Sunday, February 8, 2009
On the bulletin board in the front hall of the hospital where I work, there appeared an announcement. “Yeshi Dhonden,” it read, “will make rounds at six o’clock on the morning of June 10th” The particulars were then given, followed by a notation: “Yeshi Donden is personal physician to His Holiness the Dalai Lama.”
I join the clutch of whitecoats waiting in the small conference room adjacent to the ward selected for the rounds. Yeshi Dhonden, we are told, will examine a patient selected by a member of the staff. The diagnosis is unknown to Yeshi Dhonden as it is to us. We are further informed that for the past two hours Yeshi Dhonden has purified himself by bathing, by fasting, and prayer. I, having breakfasted well, performed only the most desultory of ablutions, and given no thought at all to my soul, glance furtively at my fellows. Suddenly we seem a soiled, uncouth lot.
The patient had been awakened early and told that she was to be examined by a foreign doctor, and had been asked to produce a fresh specimen of urine, so when we enter her room, the woman shows no surprise. She has long ago taken on that mixture of compliance and resignation that is the facies of chronic illness. This was to be yet another in the endless series of tests and examinations.
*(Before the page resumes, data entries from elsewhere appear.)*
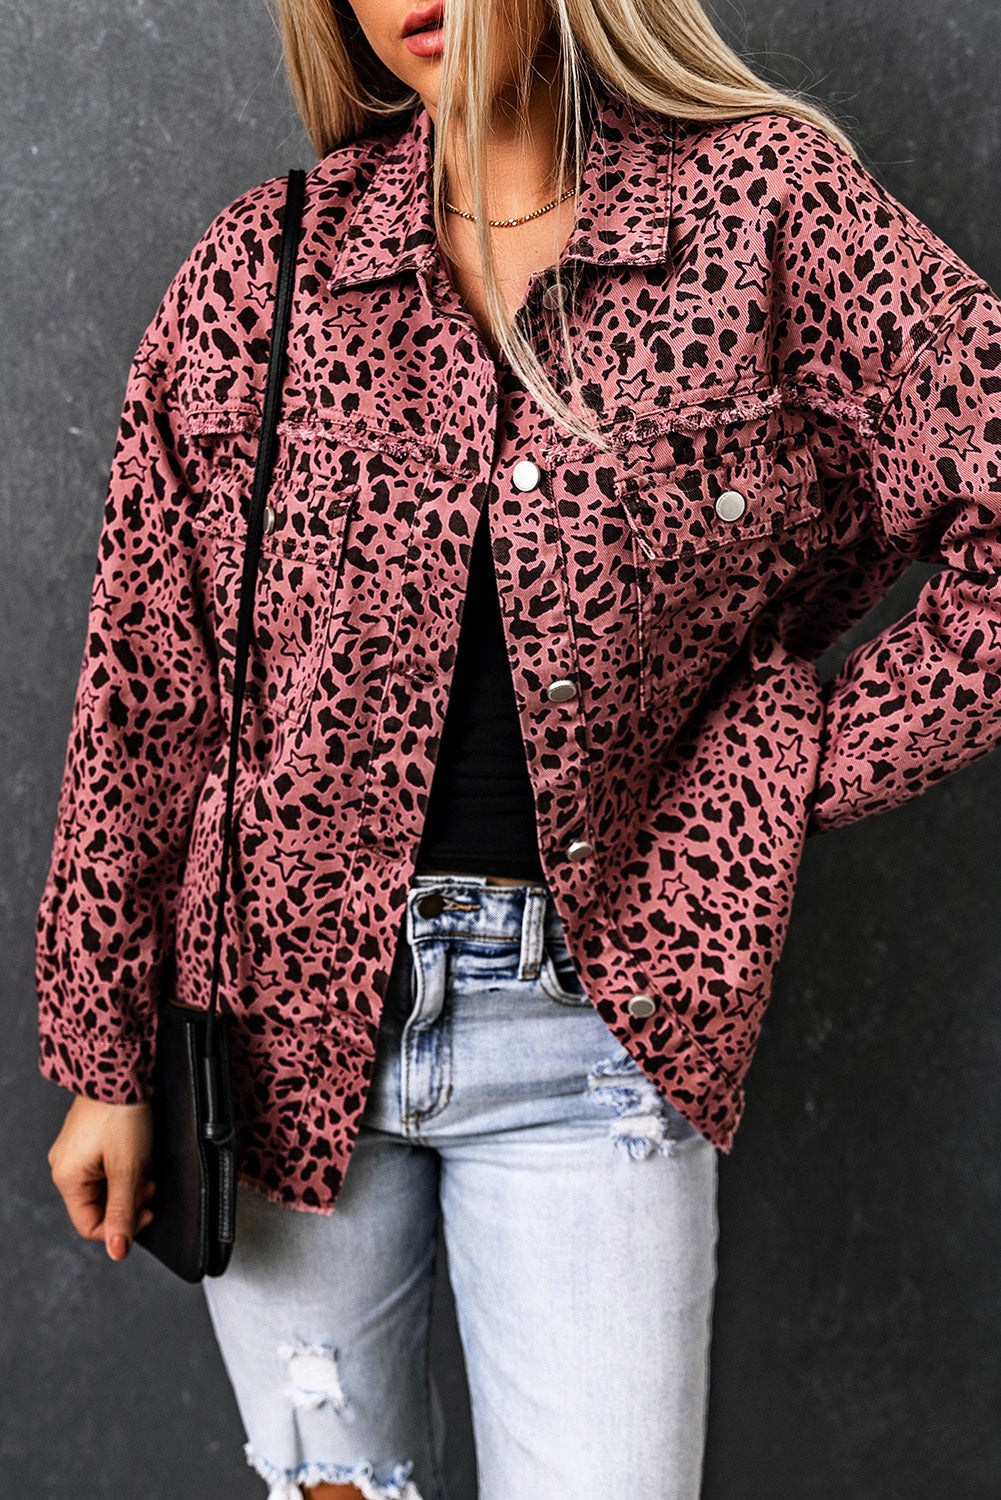 Geknöpfte Jeansjacke mit rosa Sternen- und Tierfleckenmuster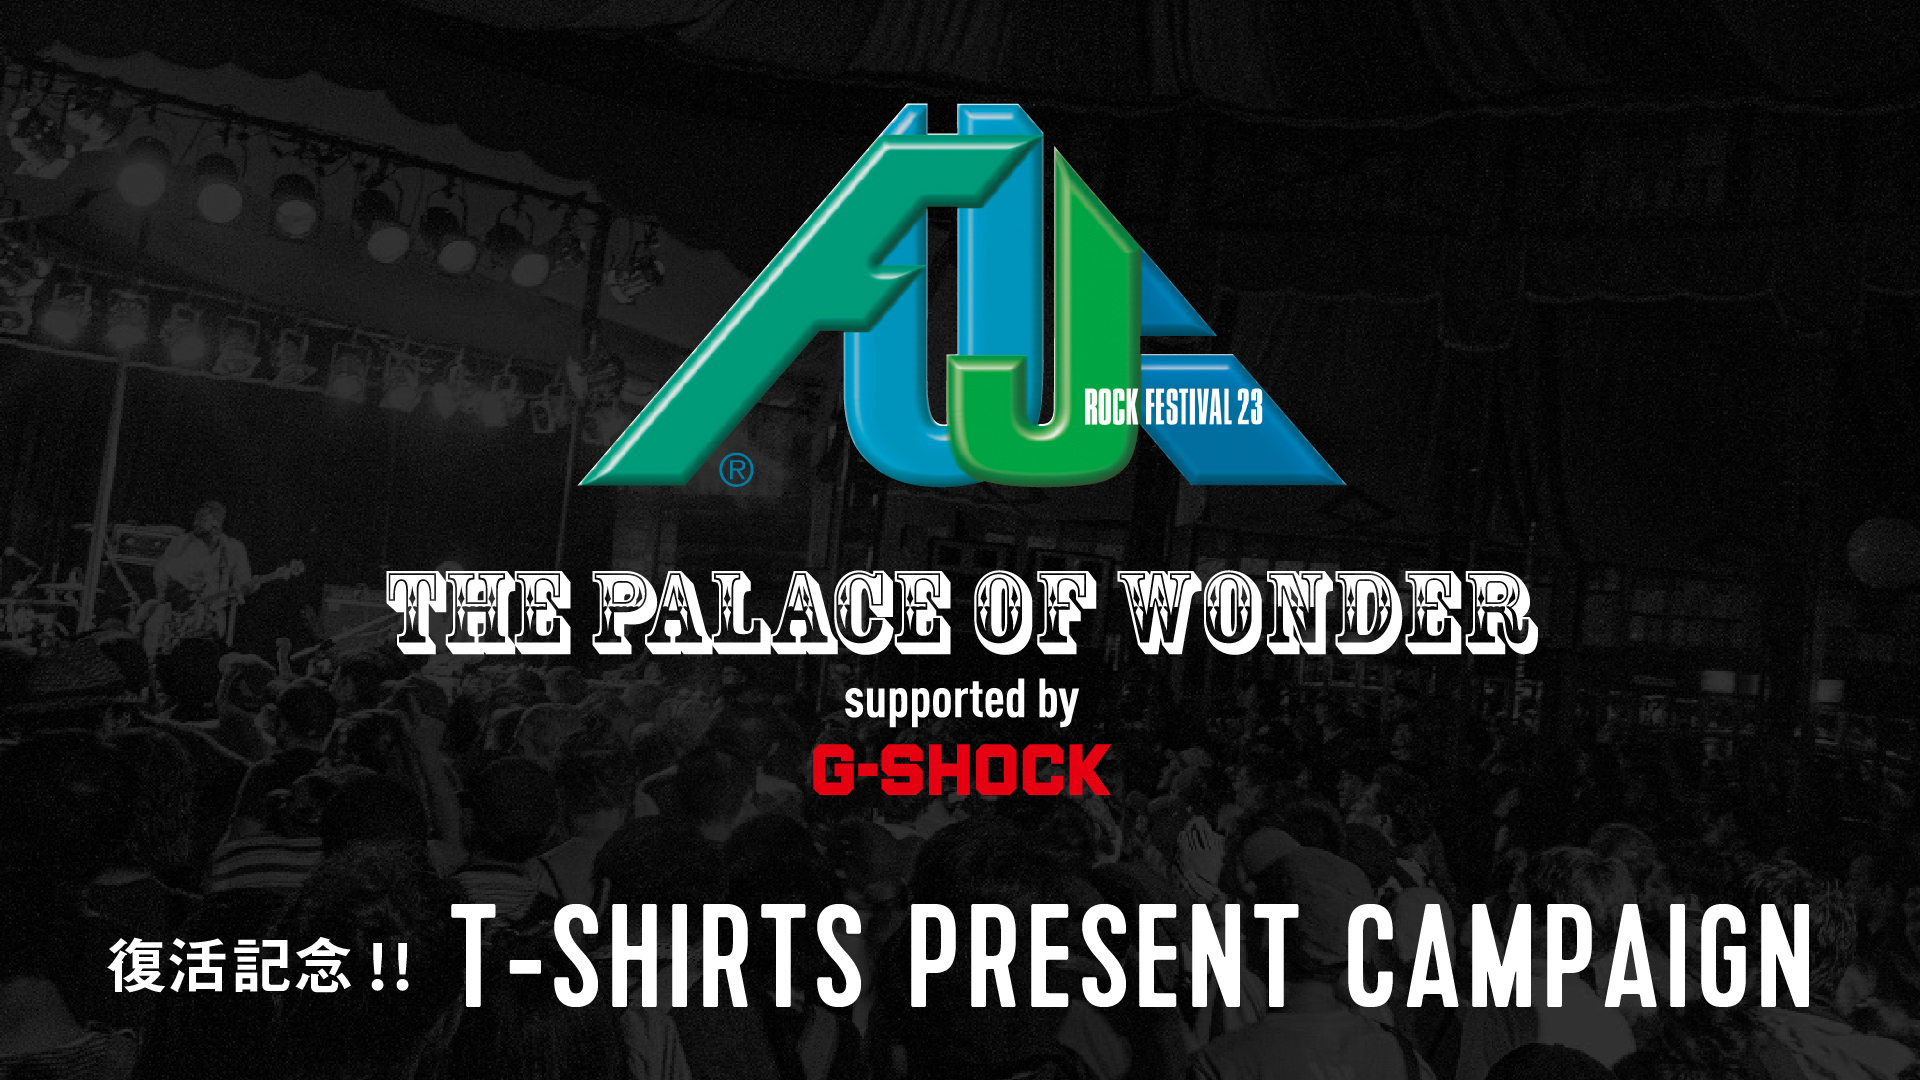 G-SHOCK 40th ANNIVERSARY　
“G-SHOCK”がFUJI ROCK FESTIVALの
オフィシャルパートナーとして参画し
「THE PALACE OF WONDER」が復活！
Tシャツプレゼントキャンペーンを開催。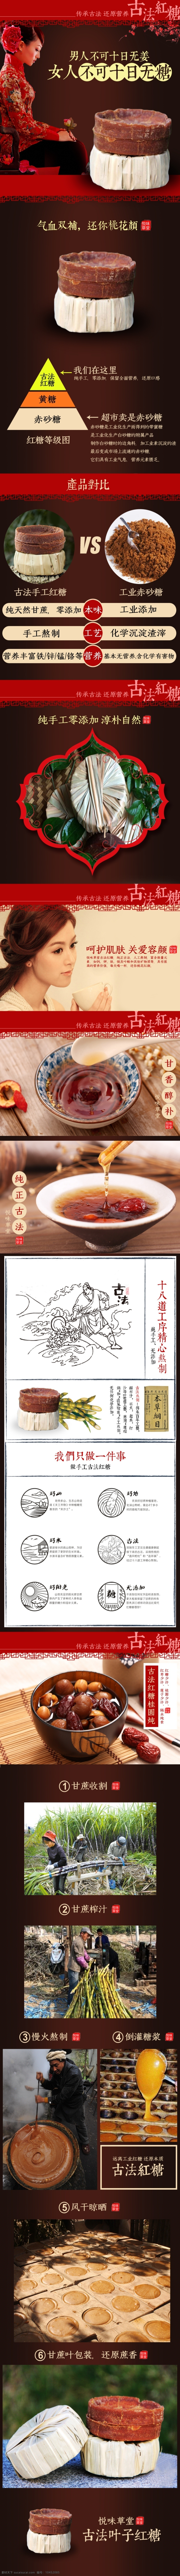 古法 红糖 描述 淘宝 详情 页 古法红糖 古方红糖 叶子红糖 糖 传统中式 中国风

Yeshi Dhonden steps to the bedside while the rest of us stand apart, watching. For a long time he gazes at the woman, favoring no part of her body with his eyes, but seeming to fix his glance at a place just above her supine form. I, too, study her. No physical sign or obvious symptom gives a clue to the nature of her disease.
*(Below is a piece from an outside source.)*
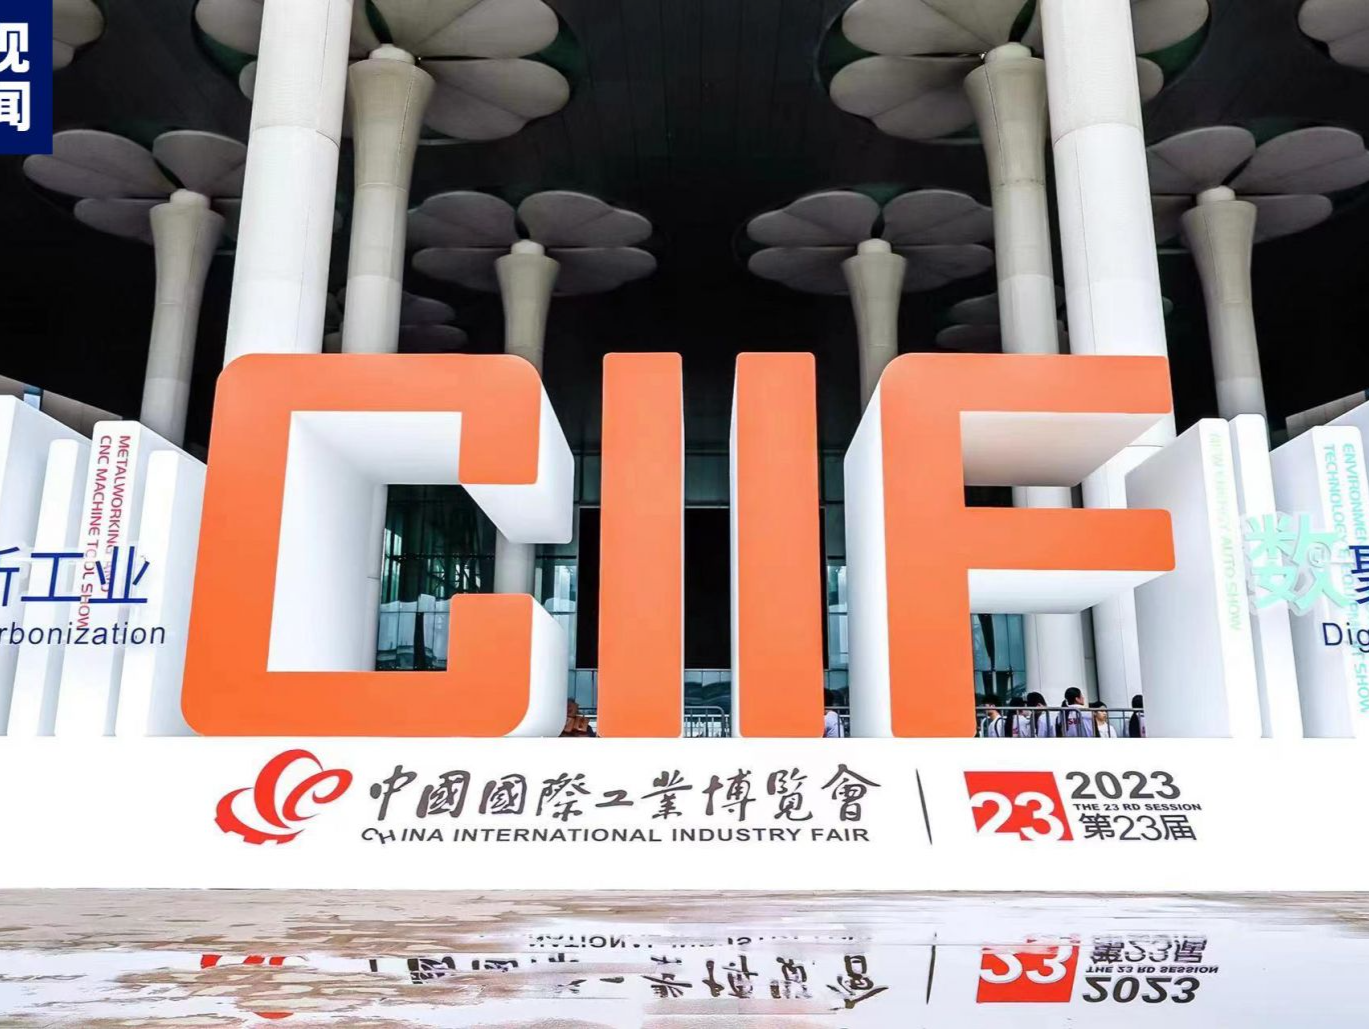 第二十三届中国国际工业博览会今天在上海闭幕

At last he takes her hand, raising it in both of his own. Now he bends over the bed in kind of a crouching stance, his head drawn down into the collar of his robe. His eyes are closed as he feels for her pulse. In a moment he has found the spot, and for the next half hour he remains thus, suspended above the patient like some exotic bird with folded wings, holding the pulse of the woman beneath his fingers, cradling her hand in his. All the power of the man seems to have been drawn down into this one purpose. It is palpitation of the pulse raised to the state of ritual. From the foot of the bed, where I stand, it is as though he and the patient have entered a special place of isolation, of aprtness, about which a vacacny hovers, and across which no violation is possible. After a moment the woman rests back upon her pillow. From time to time she raises her head to look at the strange figure above her, then sinks back once more.
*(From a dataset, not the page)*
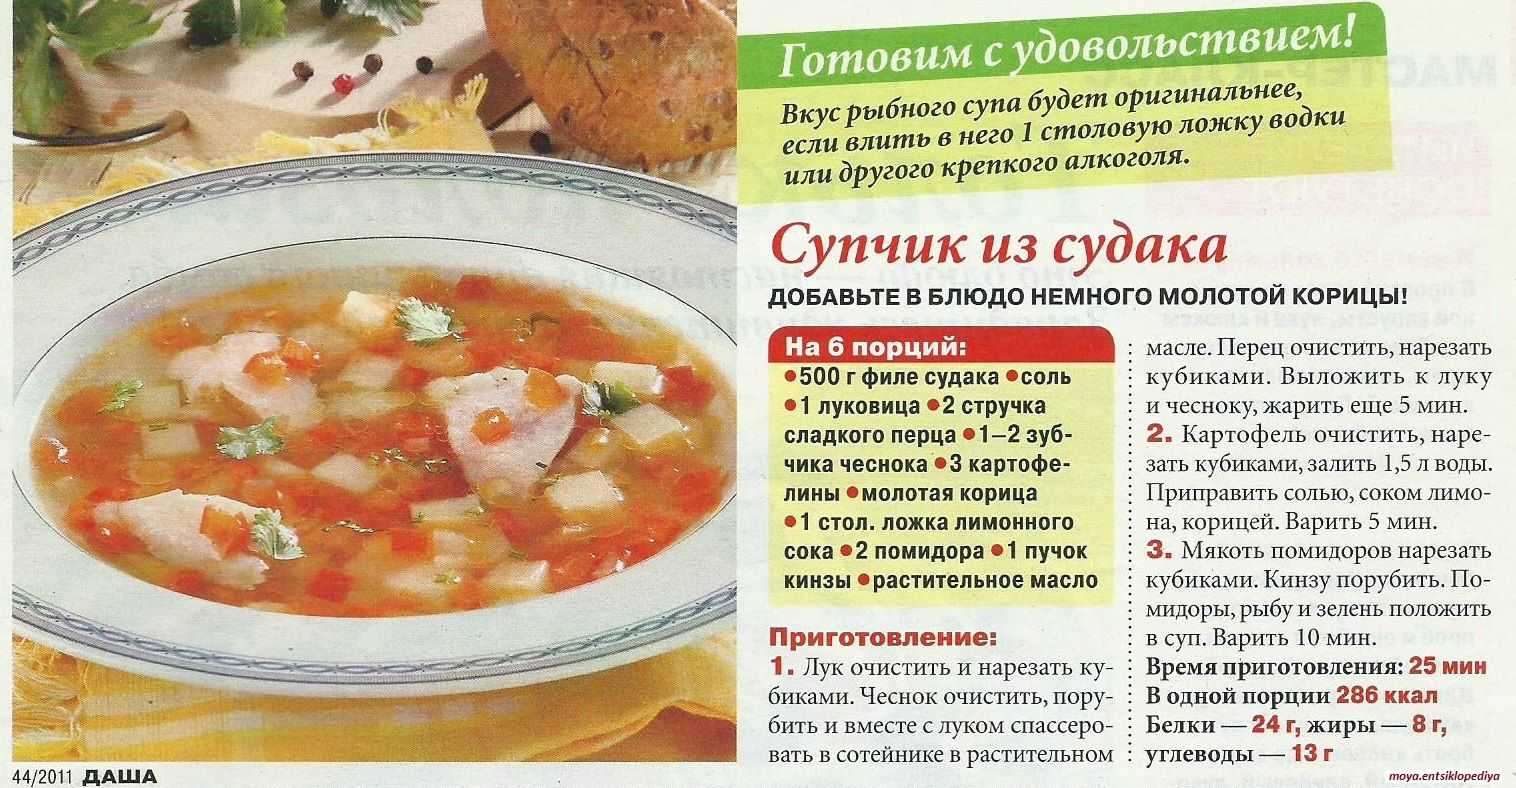 Раскладка супа. Рецепты супов в картинках. Рецепты супов бульонов. Супы в общепите рецепты. Суп картофельный с судаком.

I cannot see their hands joined in a correspondence that is exclusive, intimate, his fingertips receiving the voice of her sick body through the rhythm and throb she offers at her wrist. All at once I am envious-not of him, not of Yeshi Donden for his gift of beauty and holiness, but of her. I want to be held like that, touched so, received. And I know that I, who have palpated a hundred thousand pulses, have not felt a single one.
At last Yeshi Dhonden straightens, gently places the woman's hand upon the bed, and steps back. The interpreter produces a small wooden bowl and two sticks. Yeshi Dhonden pours a potion of the urine specimen into the bowl and proceeds to whip the liquid with two sticks. This he does for several minutes until a foam is raised. Then, bowing above the bowl, he inhales the odor three times. He sets down the bowl and turns to leave. All this while he has not uttered a word.
As he nears the door, the woman raises her head and calls out to him in a voice at once urgent and serene. "Thank you doctor," she says, and touches with her other hand the place he had held on her wrist, as though to recapture something that had visted there. Yeshi Dhonden turns back for a moment to gaze at her, then steps into the corridor. Rounds are at an end.
We are seated once more in the conference room. Yeshi Dhonden speaks now for the first time, in soft Tibetan sounds that I have never heard before. He has barely begun when the young interpreter begins to translate, the two voice continuing in tandem-a bilingual fugue, the one chasing the other. It is like the chanting of monks. He speaks of winds coursing through the body of the woman, currents that break against barriers, eddying. These vortices are in her blood, he says. The last spendings of an imperfect heart. Between the chambers of her heart, long long before she was born, a wind had come and blown open a deep gate that must never be opened. Through it charge the full waters of her river, as the mountain stream cascades in the springtime, battering, knocking loose the land, and flooding her breath. Thus he speaks and is silent.
“May we know the diagnosis?” a professor asks.
The host of these rounds, the only man who knows, answers.
"Congenital heart disease,” he says, “interventricular septal defect, with resultant heart failure."
A gateway in the heart, I think, that must not be opened. Through it charge the full waters of flood her breath. So! Here is the doctor listening to the sounds of the body to which the rest of us are deaf. He is more than doctor. He is priest.
Now and then it happens, as I make my own rounds, that I hear the sounds of his voice, like an ancient Buddhist prayer, its meaning long forgotten, only the music remaining. Then a jubilation possesses me, and I feel myself touched by something divine.